Segment Open
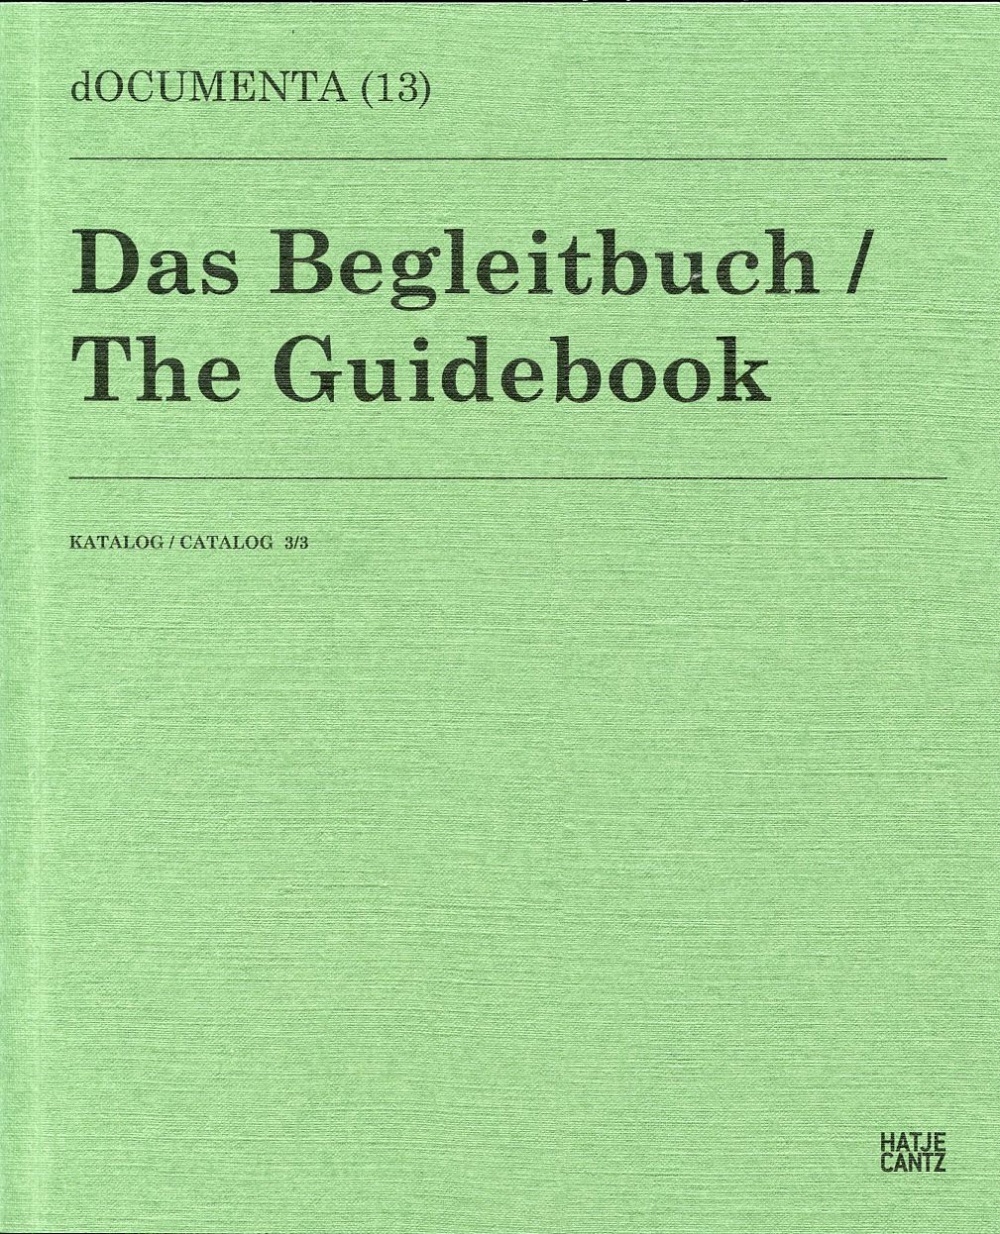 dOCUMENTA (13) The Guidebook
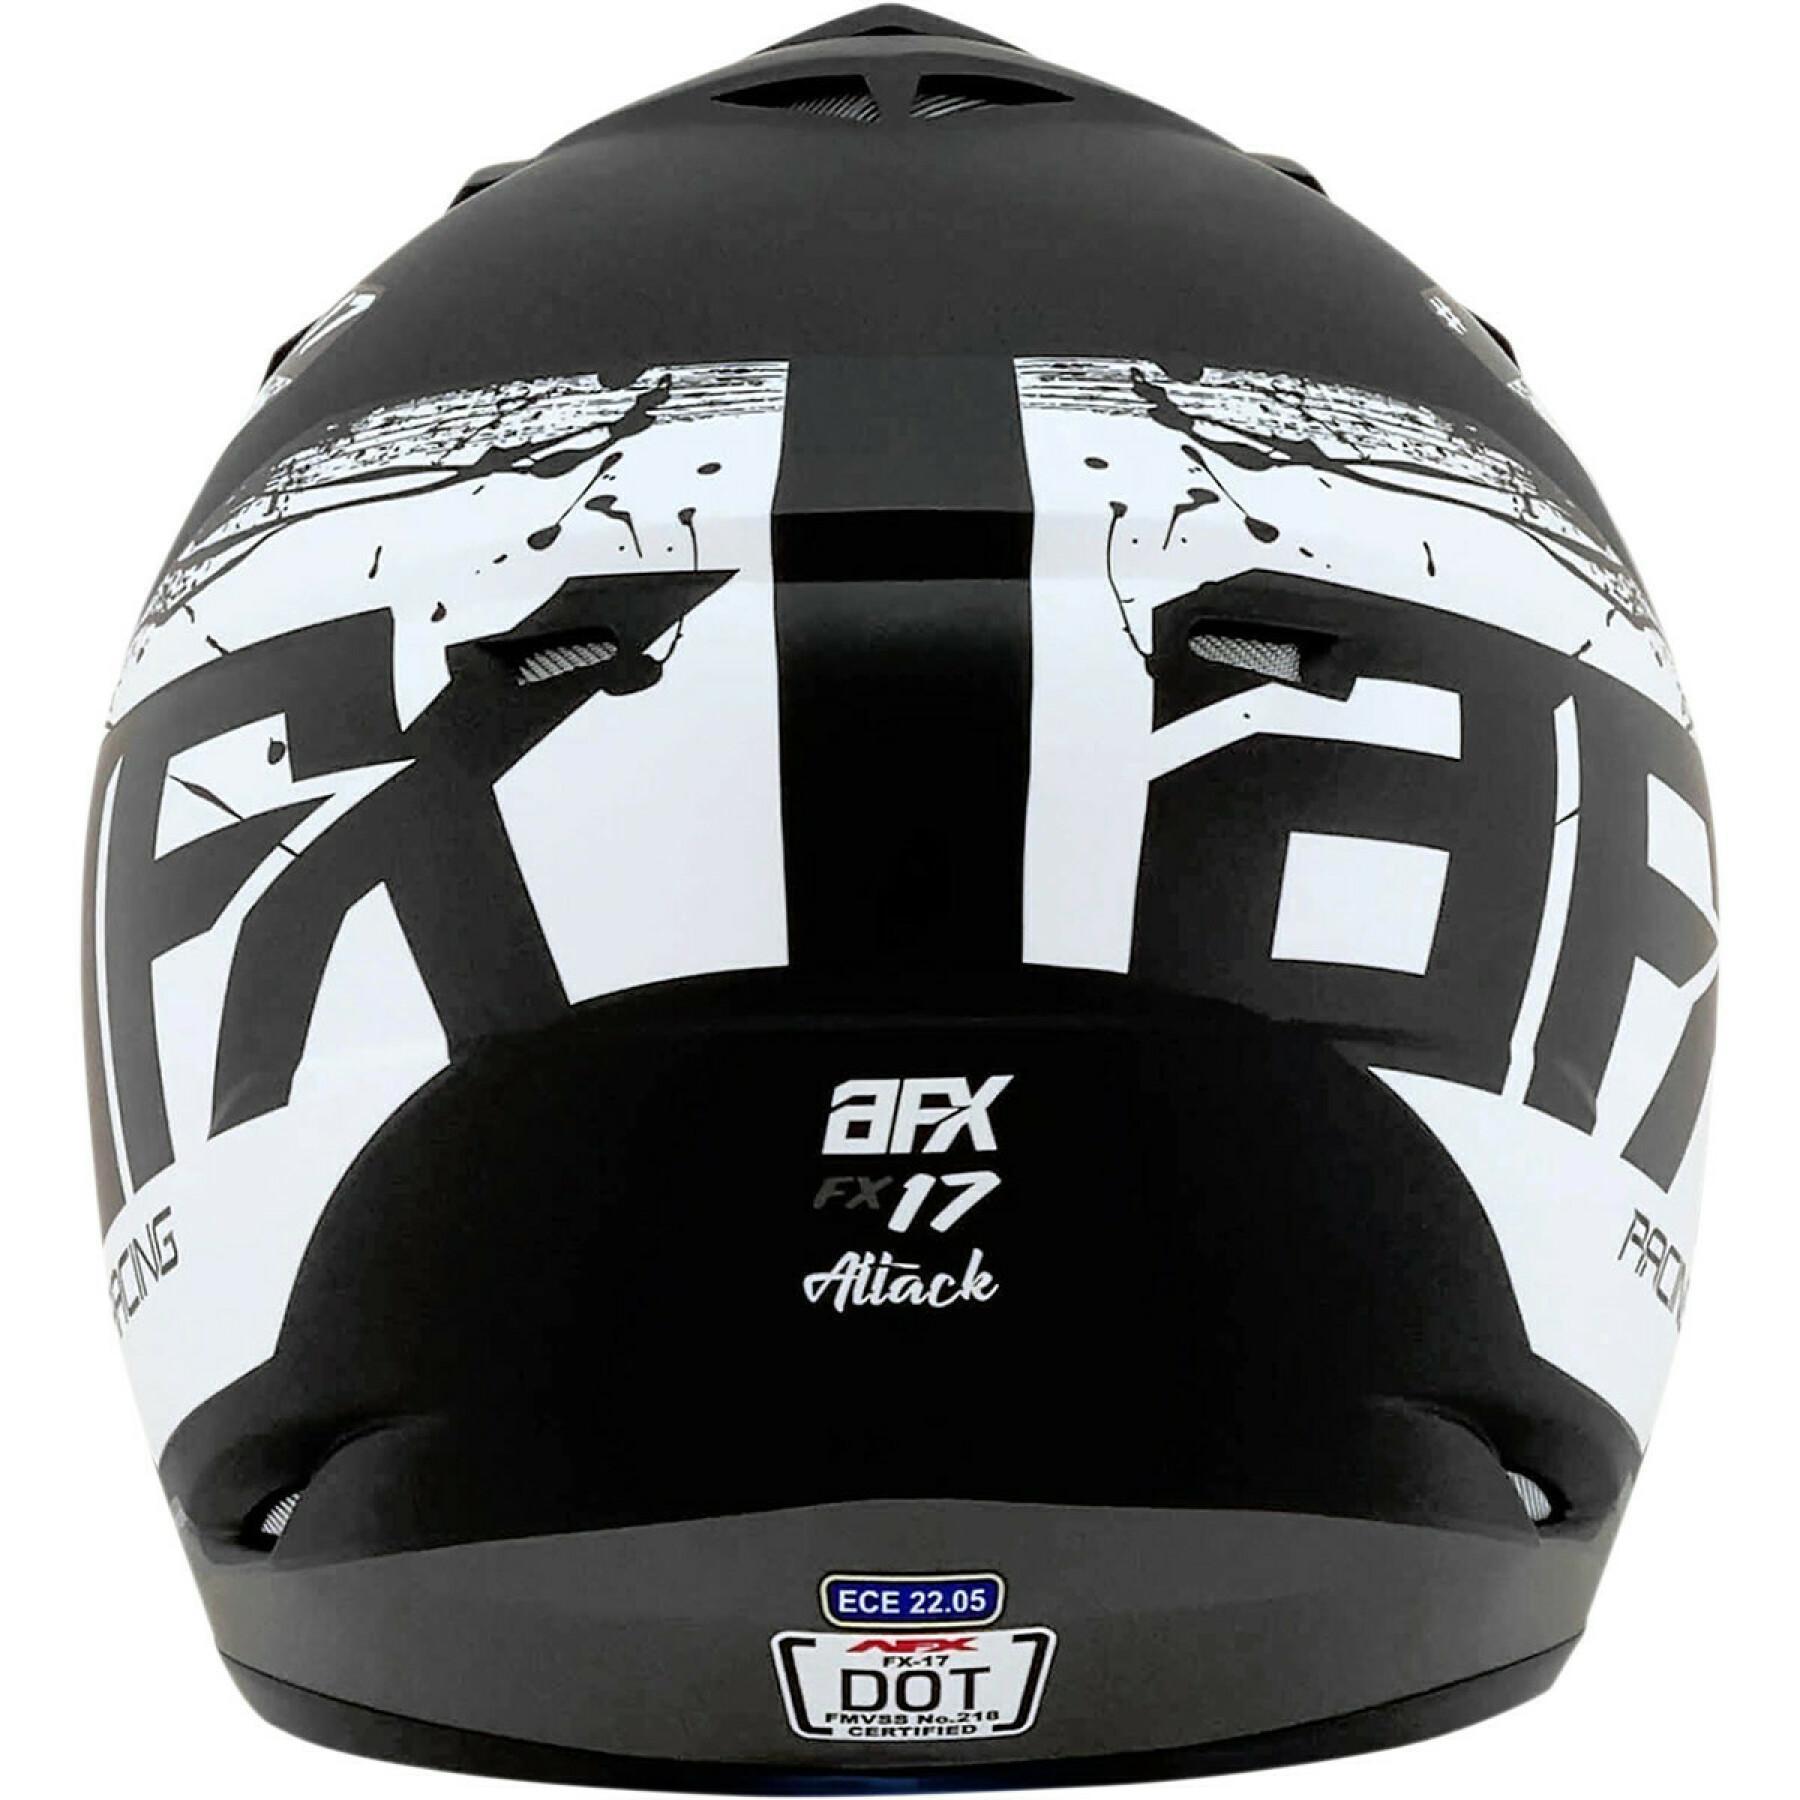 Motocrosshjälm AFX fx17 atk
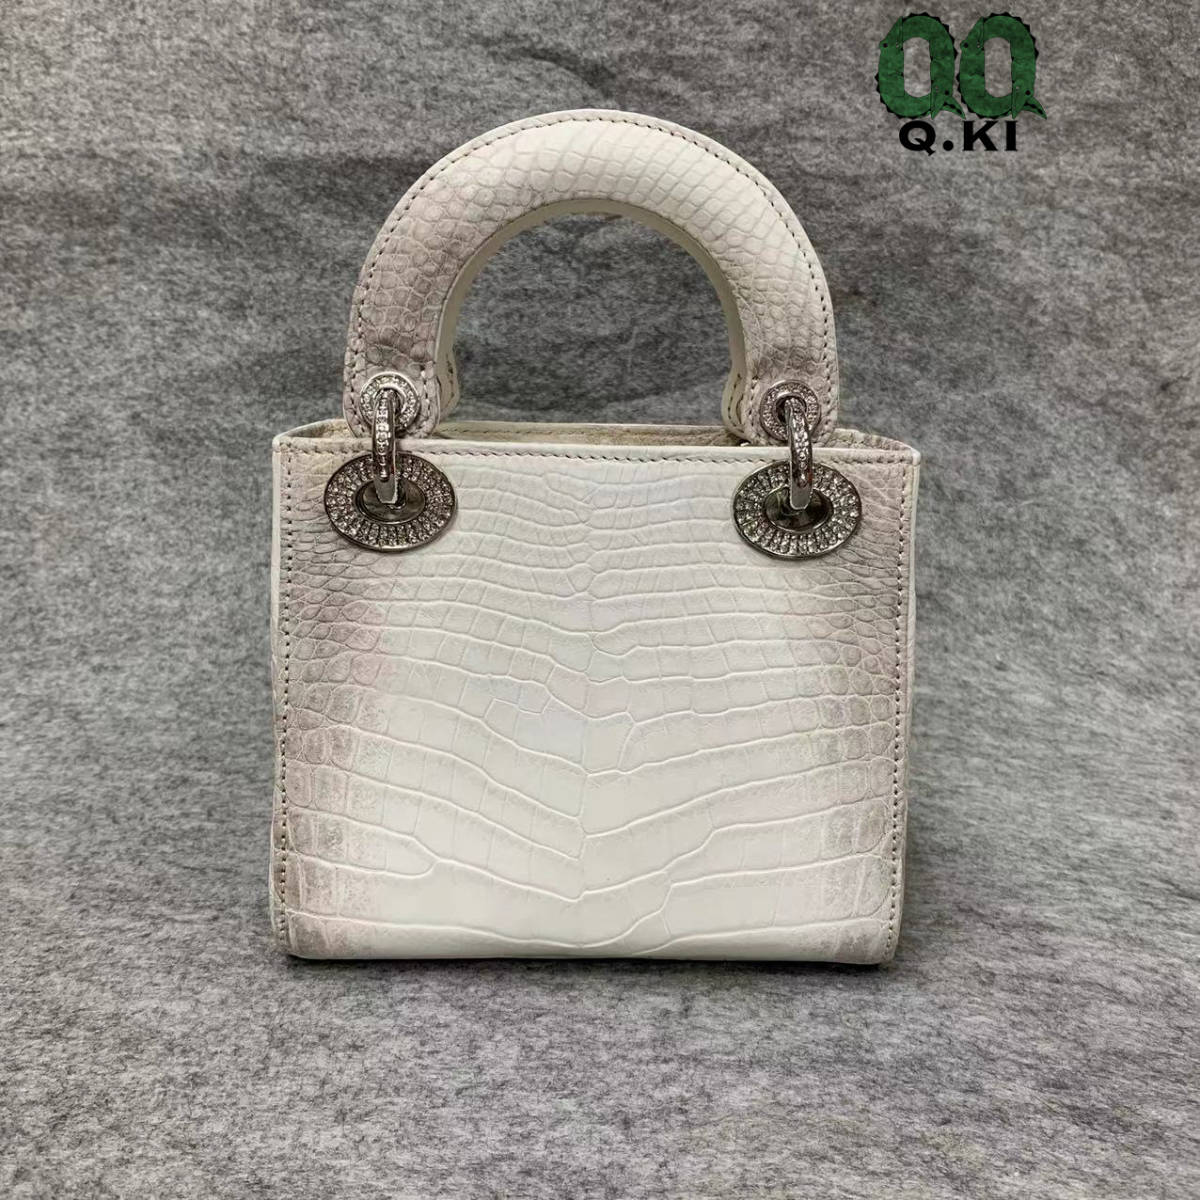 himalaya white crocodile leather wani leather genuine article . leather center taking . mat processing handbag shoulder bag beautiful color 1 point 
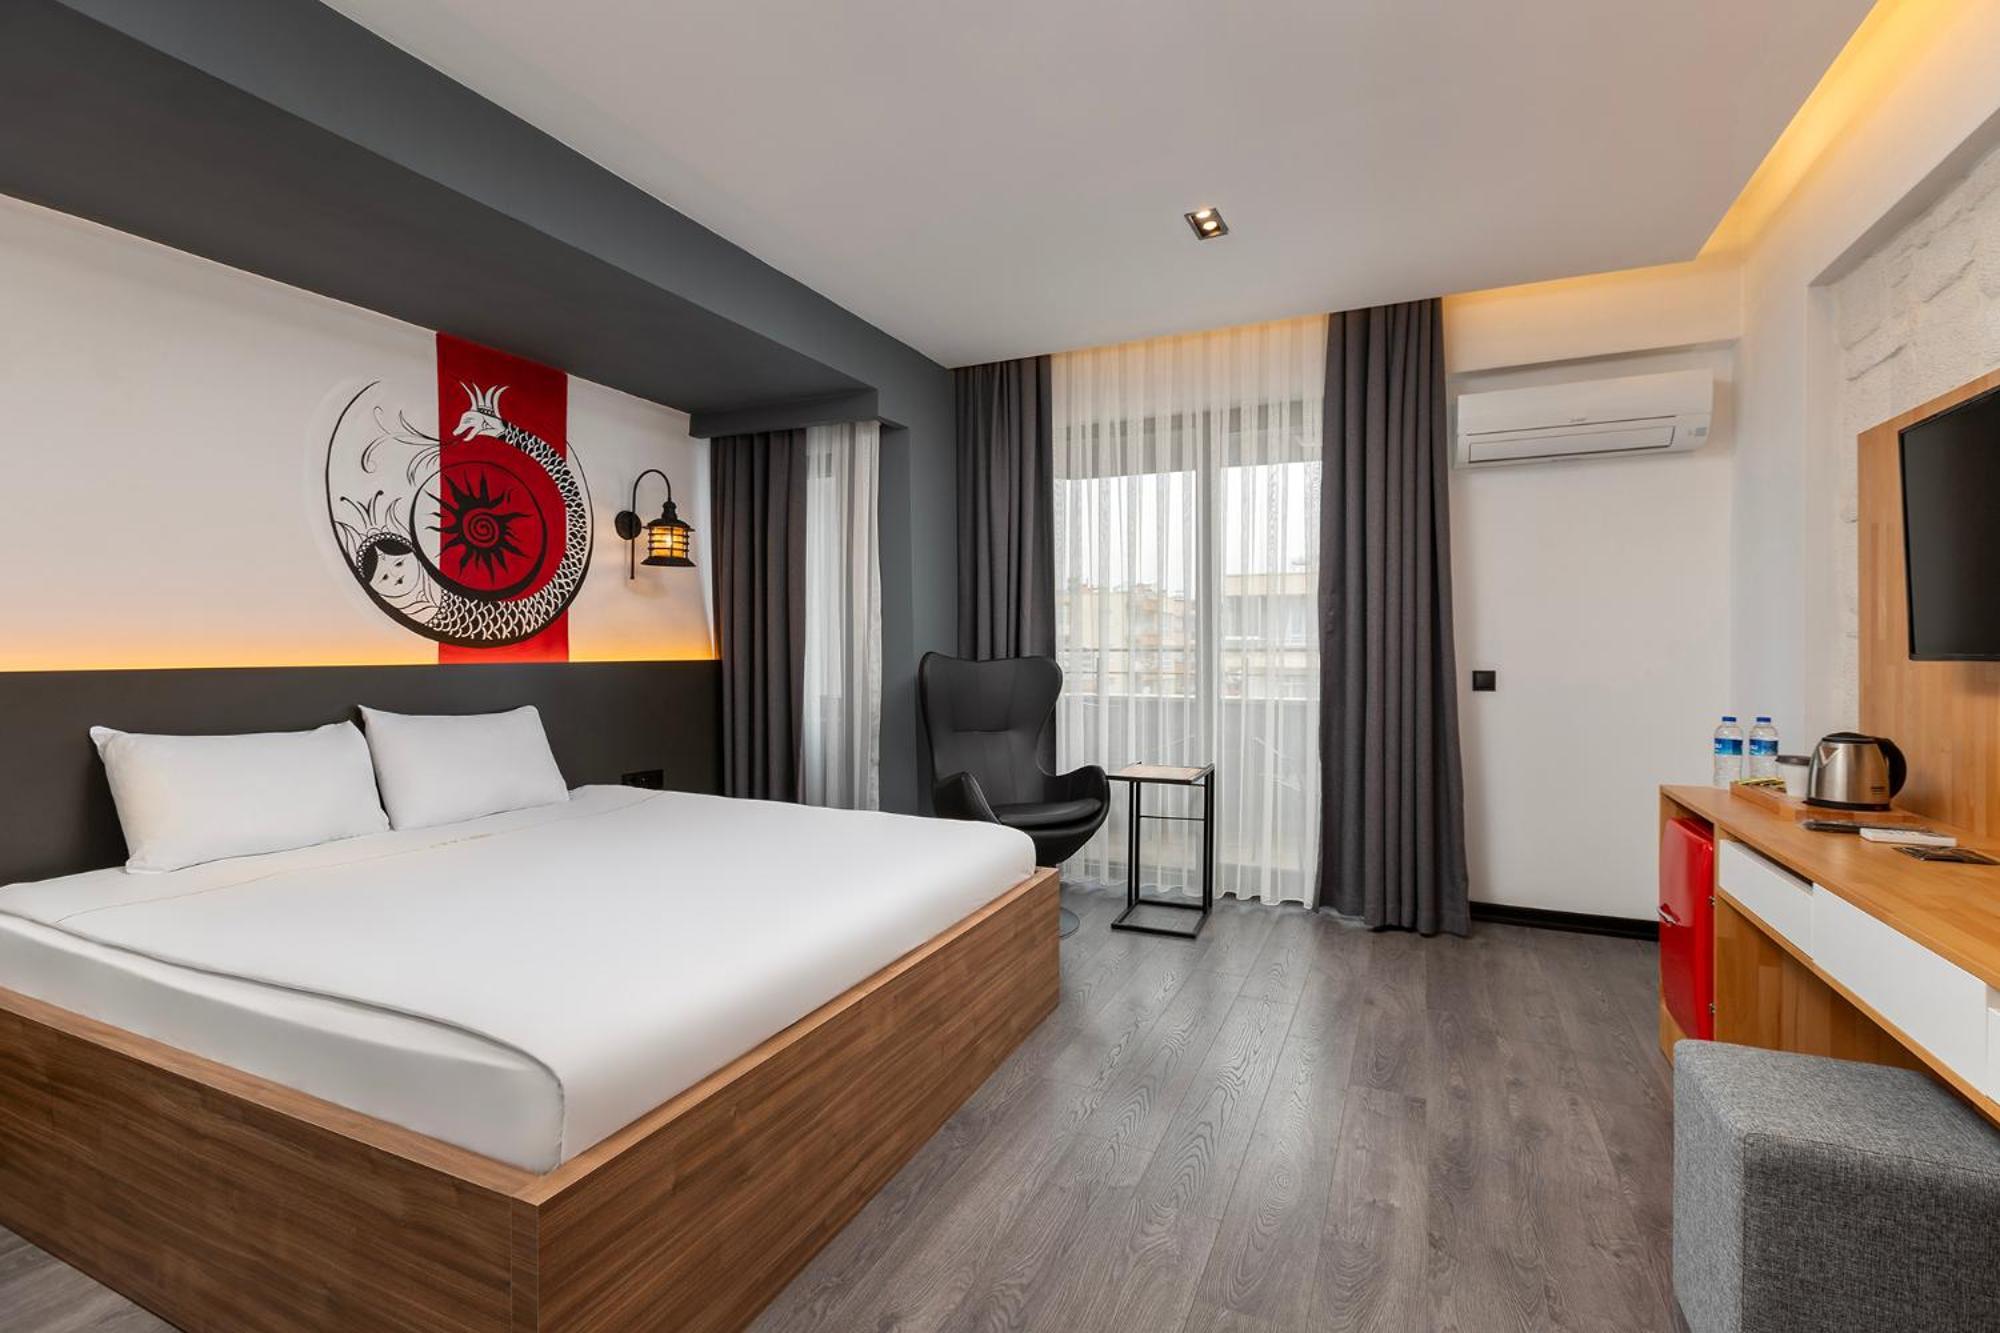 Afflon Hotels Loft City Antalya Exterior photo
Segment Closed
**What this task involves**
Would you repeat the listing word for word and skip every picture?

**Answer area**
 dOCUMENTA (13) The Guidebook
 Motocrosshjälm AFX fx17 atk
 himalaya white crocodile leather wani leather genuine article . leather center taking . mat processing handbag shoulder bag beautiful color 1 point 
 Afflon Hotels Loft City Antalya Exterior photo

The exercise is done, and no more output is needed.